The power to refuse aliens admission to our country or to expel them, as is indicated in the opinion of Judge Dooling, in Re Rhagat Singh (D. C.) 209 Fed. 700, at page 702, is a “vast” one, and one which it might well, perhaps, be argued ought not to be lodged definitely and conclusively in an executive department of the government; but, on the other hand, though questions juridical in their nature are presented, yet in the last analysis the ultimate question, viz., that of denial of entrance or expulsion, is purely political, and as such, together with all the incidents thereof, is properly determinable by the legislative branch of the government under such rules and regulations and through such administrative agencies as it may prescribe.

[3] Applying the law as thus enunciated to the facts of the case at bar, I can come to no other conclusion than that this court has no power in this or any other proceeding to set aside the judgment and order of the Department of Labor made herein. The procedure followed, as indicated by the papers used herein, shows that the rules laid down by the department were substantially adhered tot Full and fair opportunity was given the alien to show cause, if any he had, why he should not be deported. All the evidence used against him was exhibited to him, and apparently he made use of every means at his command to substantiate his claim that he was innocent of the charges made. No request was made by him for a continuance, or for further opportunity to obtain evidence in refutation of that adduced against him, and no claim made at the hearing that there was any other evidence which ought to be considered, and which he could present if given additional opportunity.

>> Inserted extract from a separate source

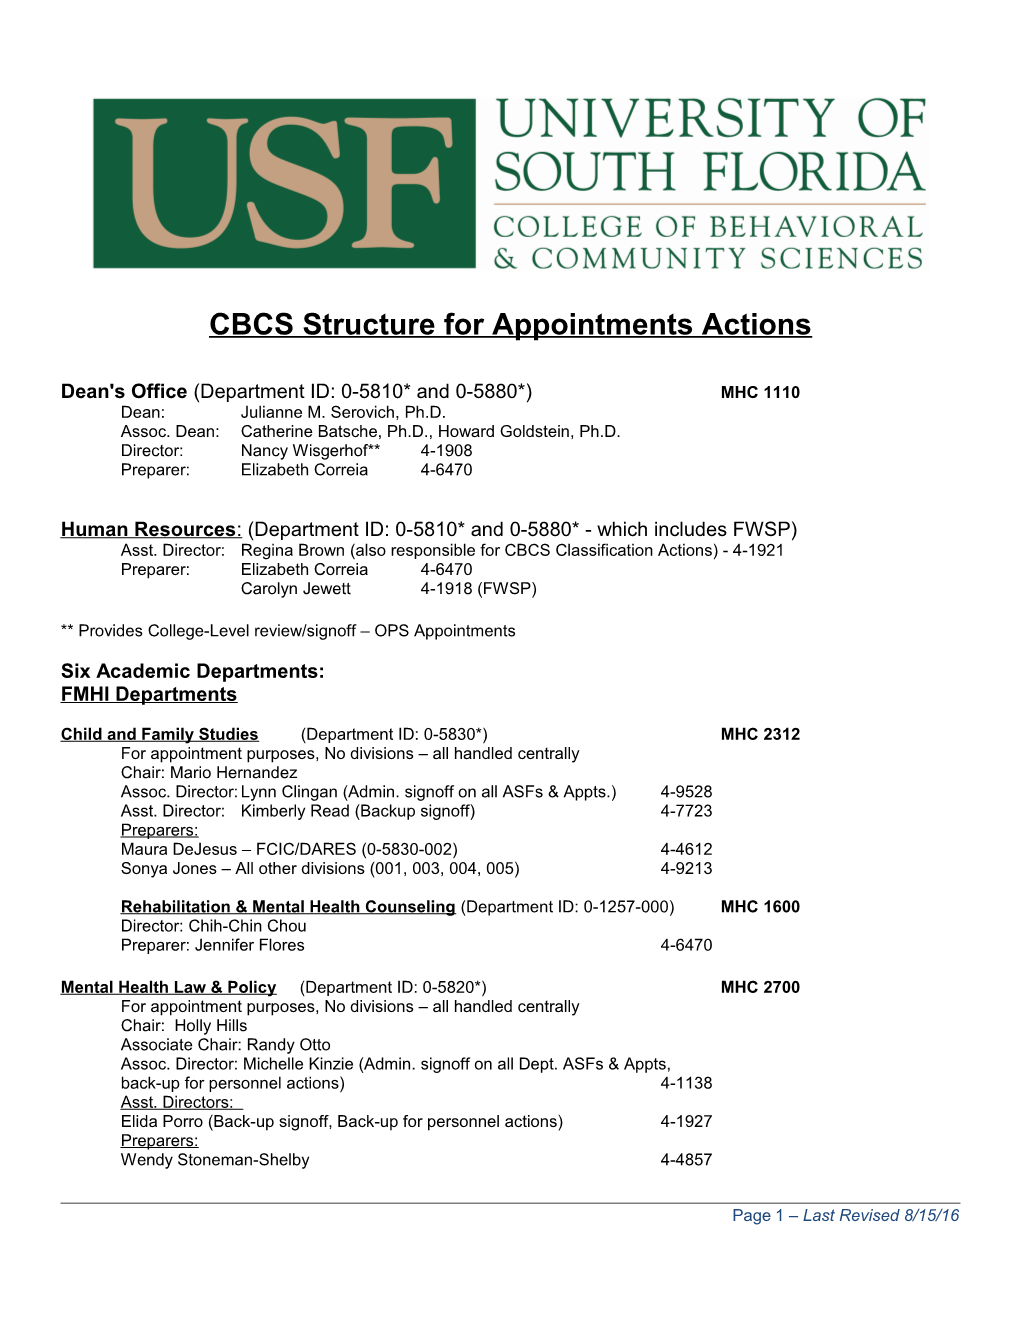 CBCS Structure for Appointments Actions

[4] There is nothing in the claim on his part that the evidence taken previous to the issuance of the warrant of arrest might not be used or relied upon by the Secretary of Labor in arriving at his final determination with respect to the propriety of deporting the alien. On principle, there is no reason why such evidence so taken and exhibited to the alien during the course of the hearing might not be used and relied upon as against him; in addition, subdivision 4 of rule 22 of the Immigration Department provides that counsel for the alien shall *614be permitted “to offer evidence to meet any evidence theretofore or thereafter presented by the government.” The “theretofore” refers in my judgment to evidence used in making the application for the warrant as well as to evidence received subsequently.

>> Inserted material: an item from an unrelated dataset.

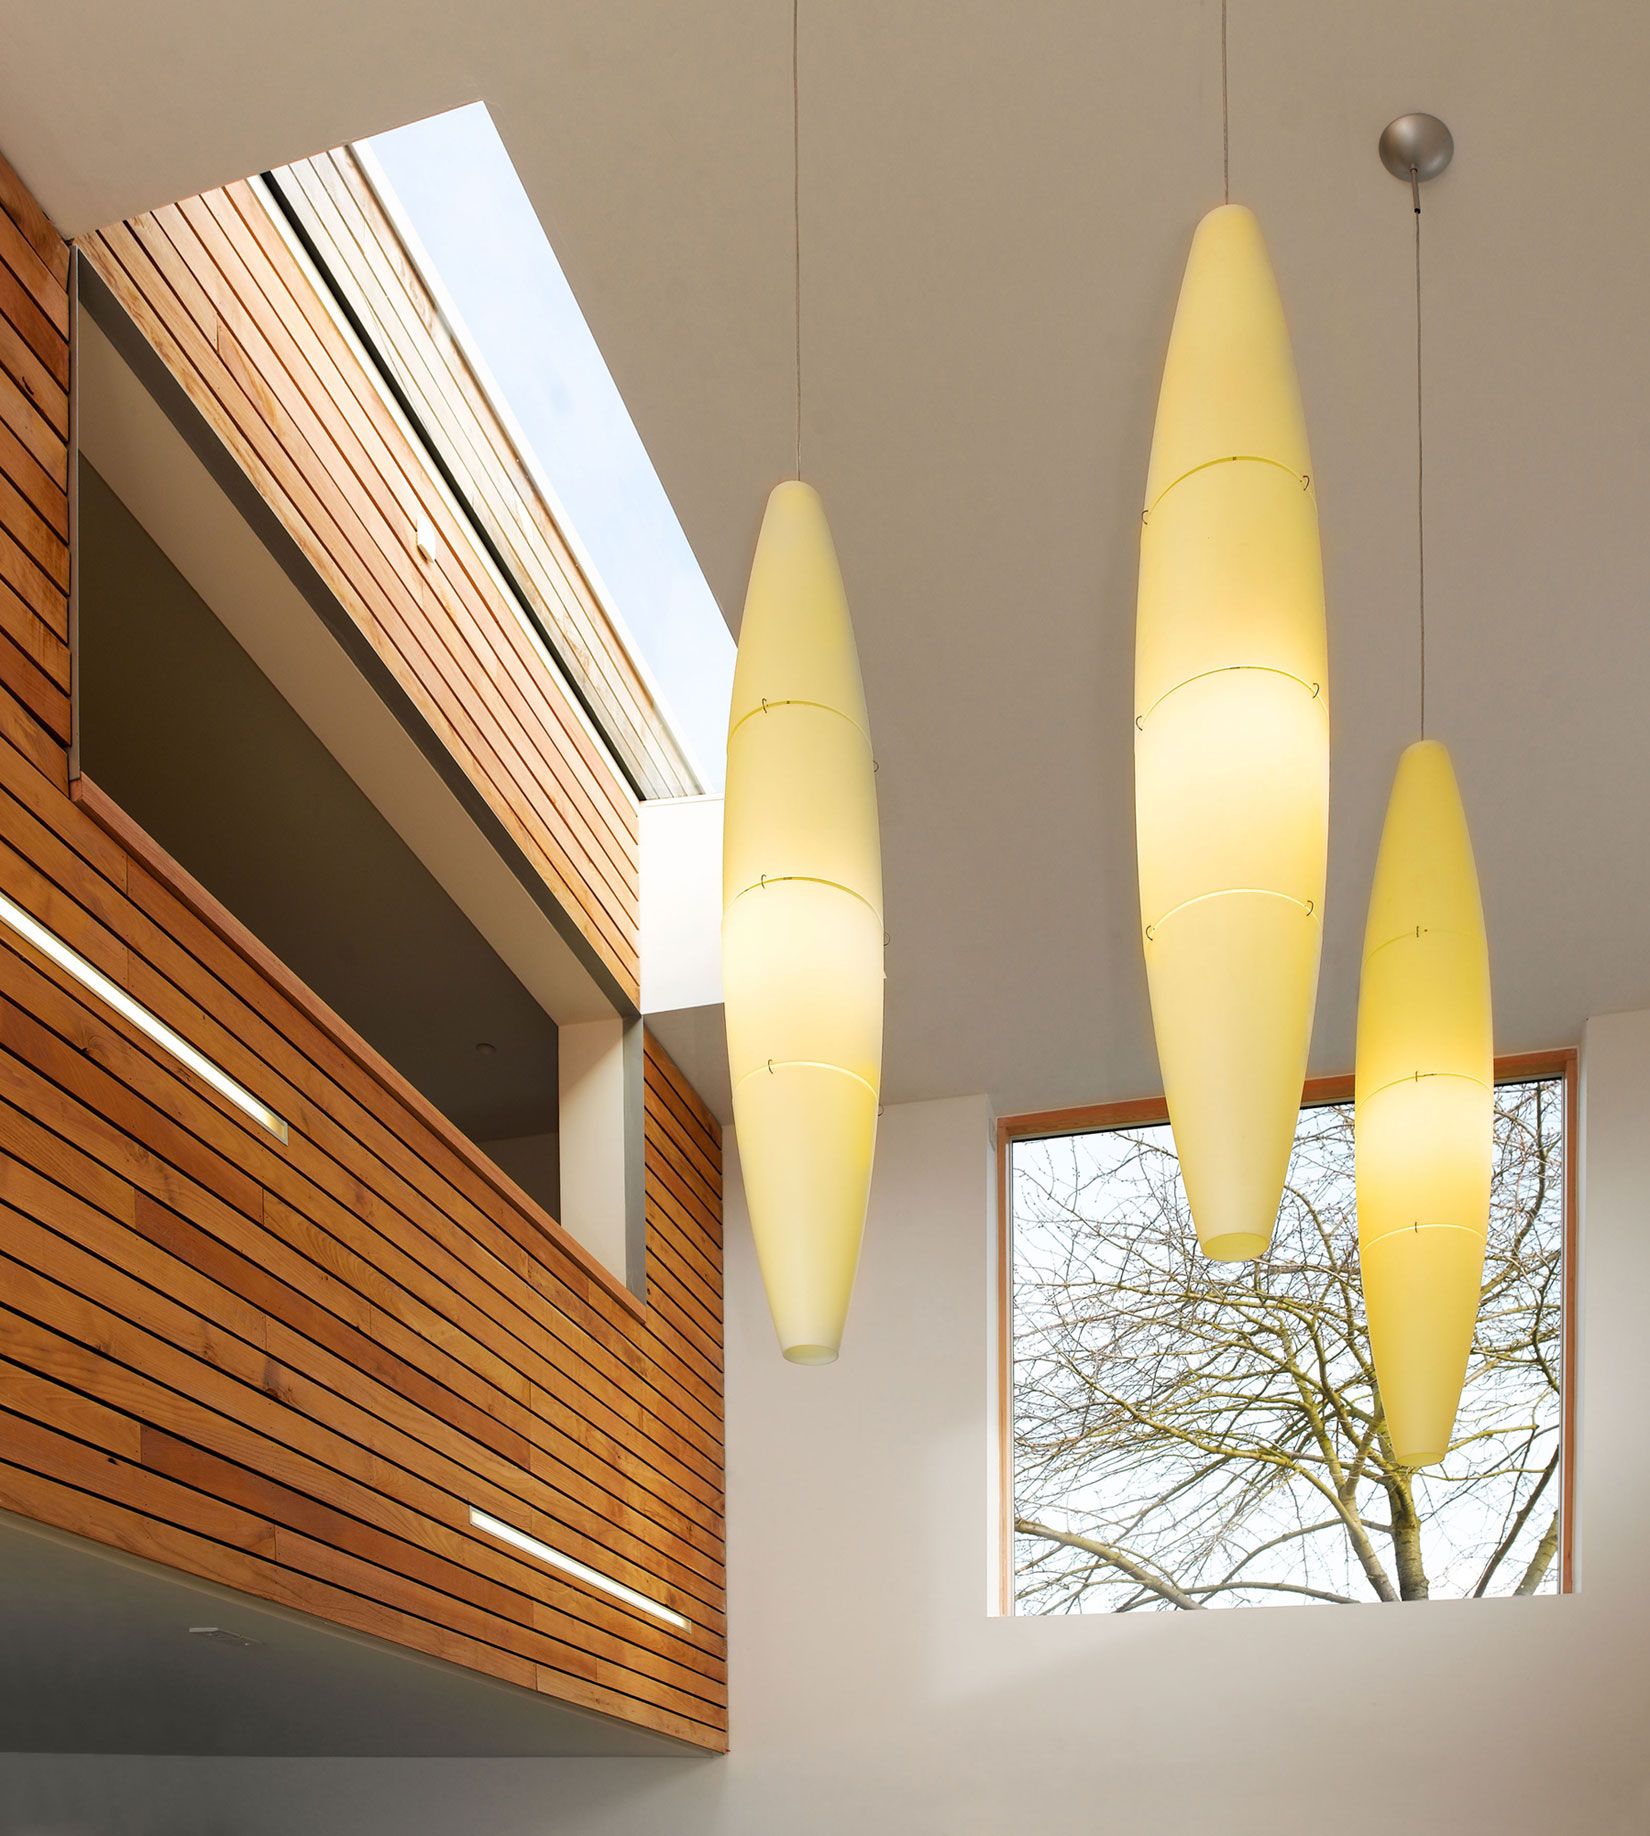 Uique Pendant Wood Yellow Unique Pendant Lamp With Wood Wall Cladding Interior Family Rustic House Design Ideas Architecture Captivating Rustic Family Home Designed For A Retired Couple

[5] The last question, and one upon which counsel seemed to contend with most emphasis, is as to whether there is any evidence in the record from which the alien’s guilt upon the charges made against him could be deduced. It is unnecessary in this opinion to go into this evidence and sift and weigh the same. The alien admits in his own testimony that he was the owner of certain property in Fresno, that that property constituted 12 “cribs,” that it was inhabited by prostitutes,, that the alien knew and for some years had known that it was so inhabited by prostitutes, and that they were plying their nefarious trade therein; that it was rented to them directly by him, they paying him directly the money therefor and he providing all the accommodations therein; that he had charge of the rooms constituting the aforesaid “cribs.” It is also apparent that there was no other intermediary, or other person directly, or at all, in charge of the women, the “cribs,” or the business which they were conducting. Such conduct on his part shows him to have been “connected with the management of a house of prostitution,” and within itself justifies his deportation. It clearly demonstrates that there was a closer relation between him and the women than that of mere landlord and tenant, as claimed by his counsel herein. In addition, there was ample evidence and other circumstances introduced tending to prove the truth of all the charges made against him, and to prove that he is and was one of the very individuals against whom the statute was intended to operate.

The writ of habeas corpus heretofore issued herein is dismissed, and the said alien is remanded for deportation.